Share it

If you have knowledge, share it.

If you have an idea, share it.

If you have a project, share it.

If you learned something, share it.

If you plan something, share it.

If you have a purpose, share it.

If you have experience, share it.

It is the best way to broaden your perspective and actually get things done.

What might be

If you only look at what was and what is to shape what might be, things are going to be extremely difficult.

At any point in time, the market is cluttered. It is challenging to compete with incumbents, new players, alternatives, and outsiders. If you want to excel, it is going to be an uphill battle, on many fronts, and more often than we care to admit we do not have a good enough product or service to win this.

If we take a look at the future from any point in time, instead, a wealth of possibilities open up. Among those is the market that is not cluttered now, but will be soon enough.

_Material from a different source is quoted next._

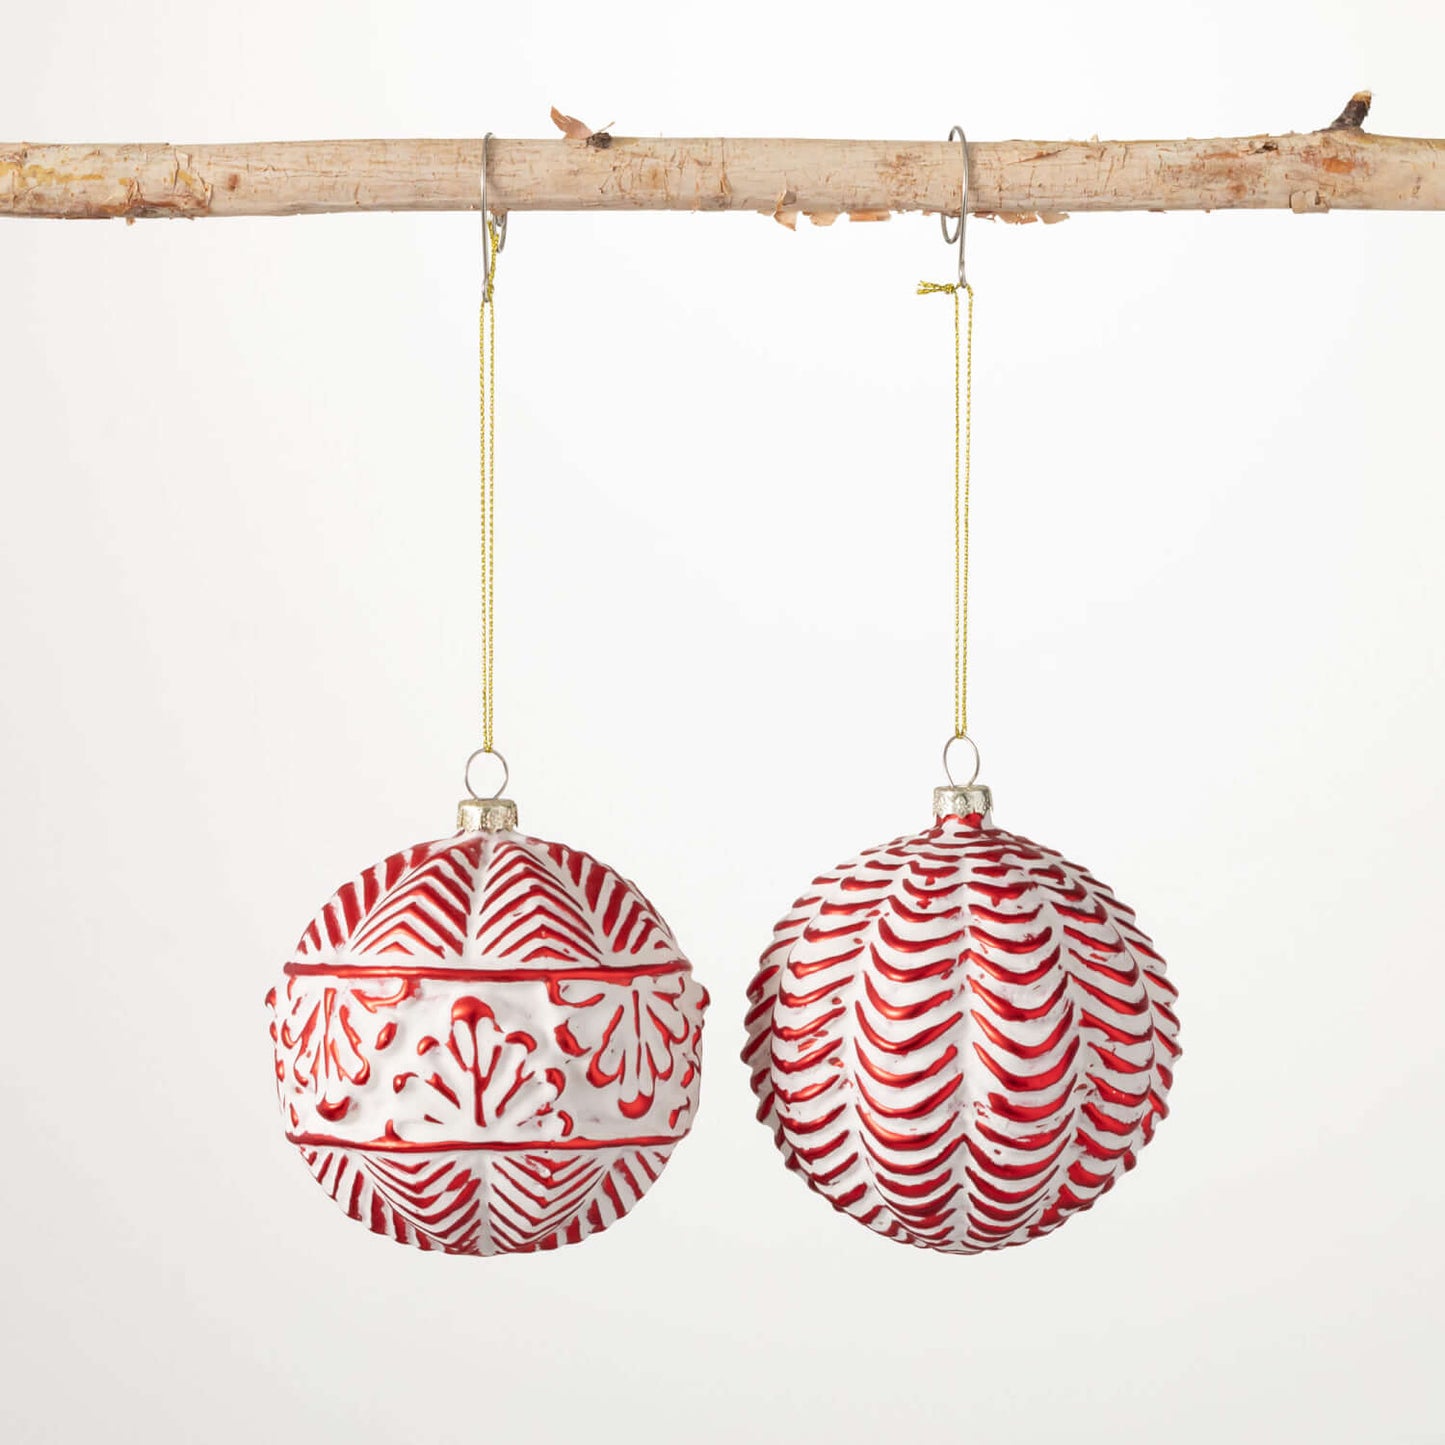 Red Embossed Ball Ornament

That is where you want to be.

Drain

A meeting is a drain of time, focus and flow. And it compounds the more people are involved.

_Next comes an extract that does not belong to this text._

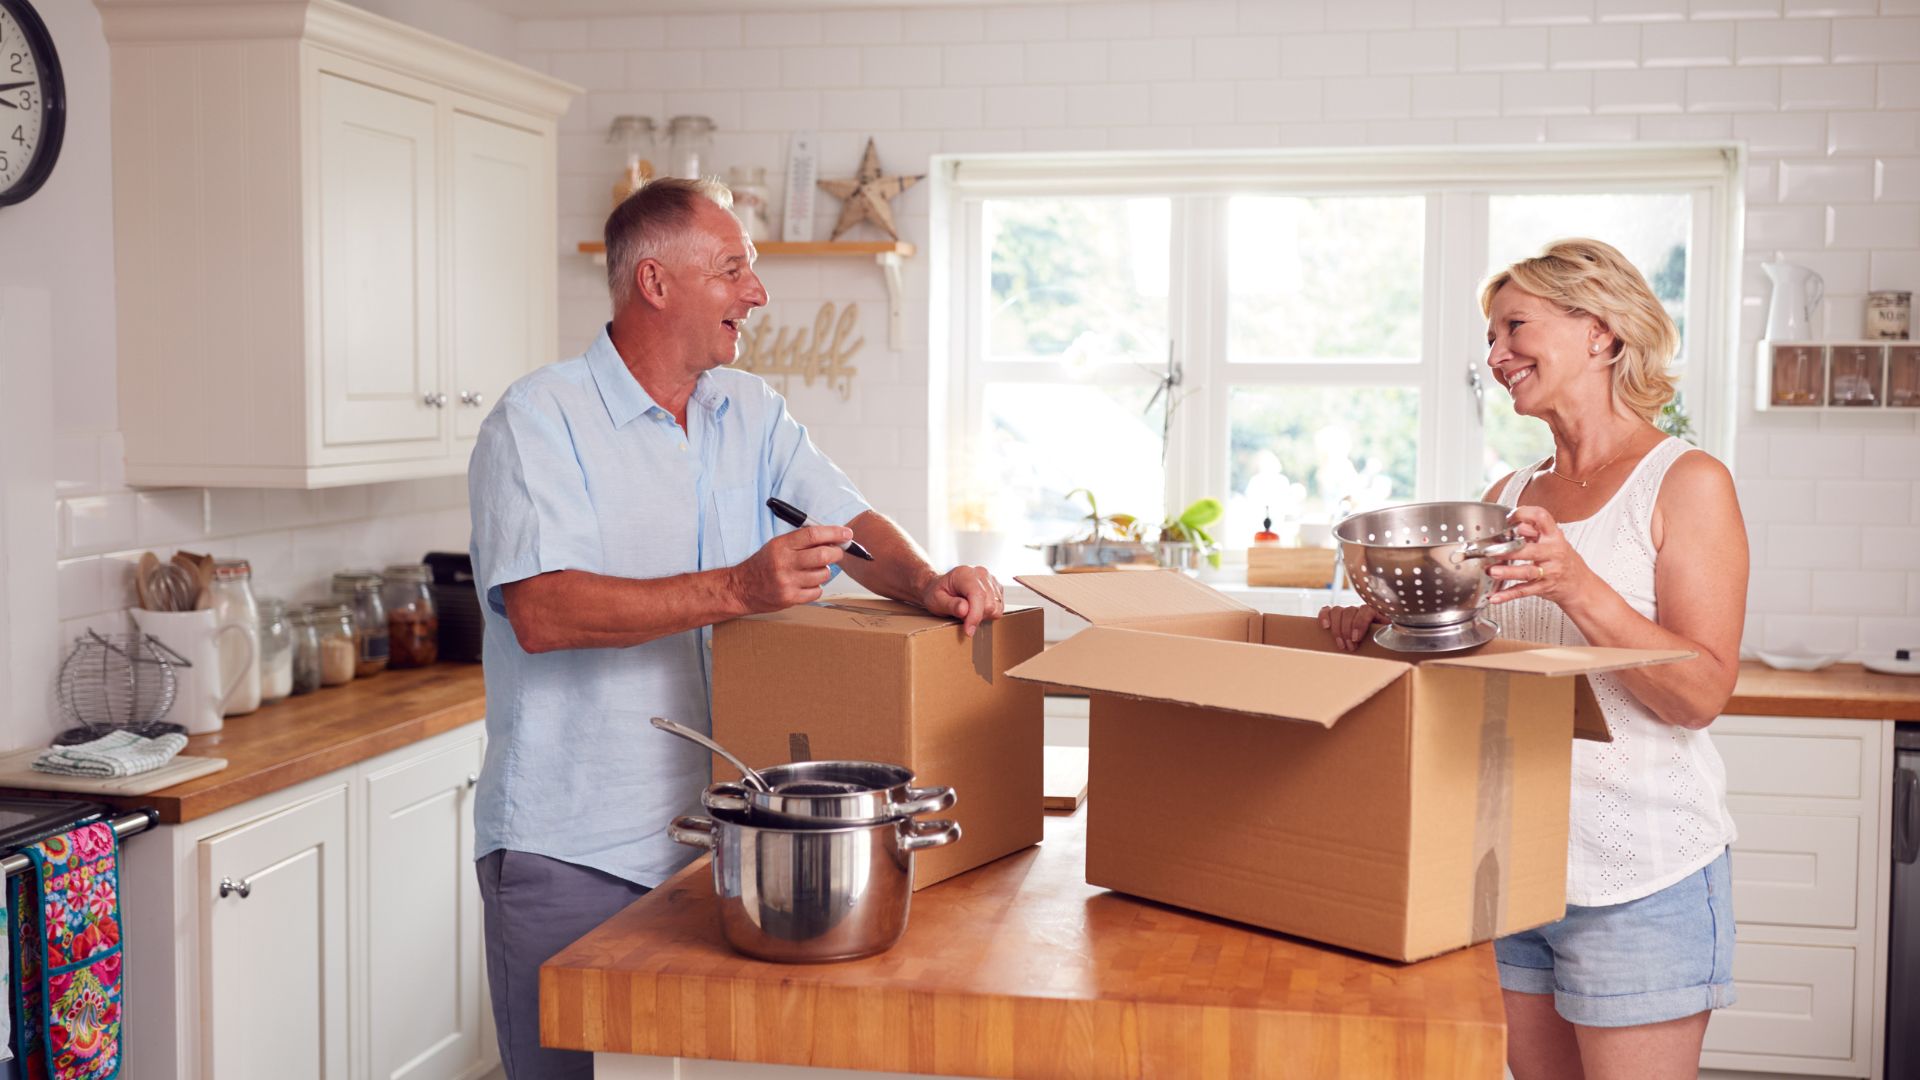 older man ands woman packing up boxes in their kitchen preparing to move

So, if you are going to have a meeting, make it worth it. Have an agenda, a clear one, even if it is just a sync. Stay on topic. Never go around the (virtual) table to fish for topics, but by all means poke those who speak less and make sure they get a chance to express their opinion. Get to action points in proper time, write them down, and circulate them after the meeting is done. If you have called the meeting, or are in a leadership potion, do a lot of listening and very little talking. And finish earlier.

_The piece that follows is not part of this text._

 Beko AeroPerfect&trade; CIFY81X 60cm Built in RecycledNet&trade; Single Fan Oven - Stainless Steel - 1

If you are finding yourself breaking these basics more than once for a particular meeting, the people invited to the meeting are better off if the meeting is removed from their calendars.

They certainly have something better to do.

P.S.: I wrote about meetings a while back also. The rules set out there are still valid for the most part.

Pull the plug

If you have a hunch something is not working, pull the plug on it.

And actually, we should regularly pull the plug on the things that take most of our time, and see which ones we are truly going to miss.

This is clearly really applicable when it comes to marketing tactics. If there is something you consistently put your budget behind, pull the plug on it for one month. What happens? When the impact on key metrics is zero (or close to it), you have a great candidate for costs savings.

Who knows where programmatic advertising would be if more companies would regularly pull the plug.

Tension

Feedback often creates tension.

I want it this way.

I am not sure what, but something does not work.

Your piece of content misses the bigger picture.

Can you change that part and make it more professional?

I am sorry, I really do not like it.

Tension might eventually take you to a better place, but there are two problems.

First, tension takes time to resolve. Time that could actually be employed improving the outcome, doing something more valuable or even just going for a walk. Tension is difficult to dissipate, it actually tends to escalate. Particularly when the first unclear comment is followed by additional unclear statements that make the whole feedback situation a mess.

Also, tension sticks. When the job is eventually done, tension is still in the air. It does not matter at this point if the outcome is better, something has broken. And that is difficult to recover, even more difficult considering the fact this way of giving feedback is rarely a one-off.

Prepare before giving feedback.

Never let it be the first thing that comes to mind, never let it be an instinctual reaction to you seeing the work of others for the first time.

And if after you have done that, there is still vagueness in what you want to contribute, shut up and ask.

If you would have more time, what would you work on to make it better?

Guide me through your creative process.

What parts of it you do not like?

What would you need to make this the best of your blog posts?

What type of input are you seeking from me?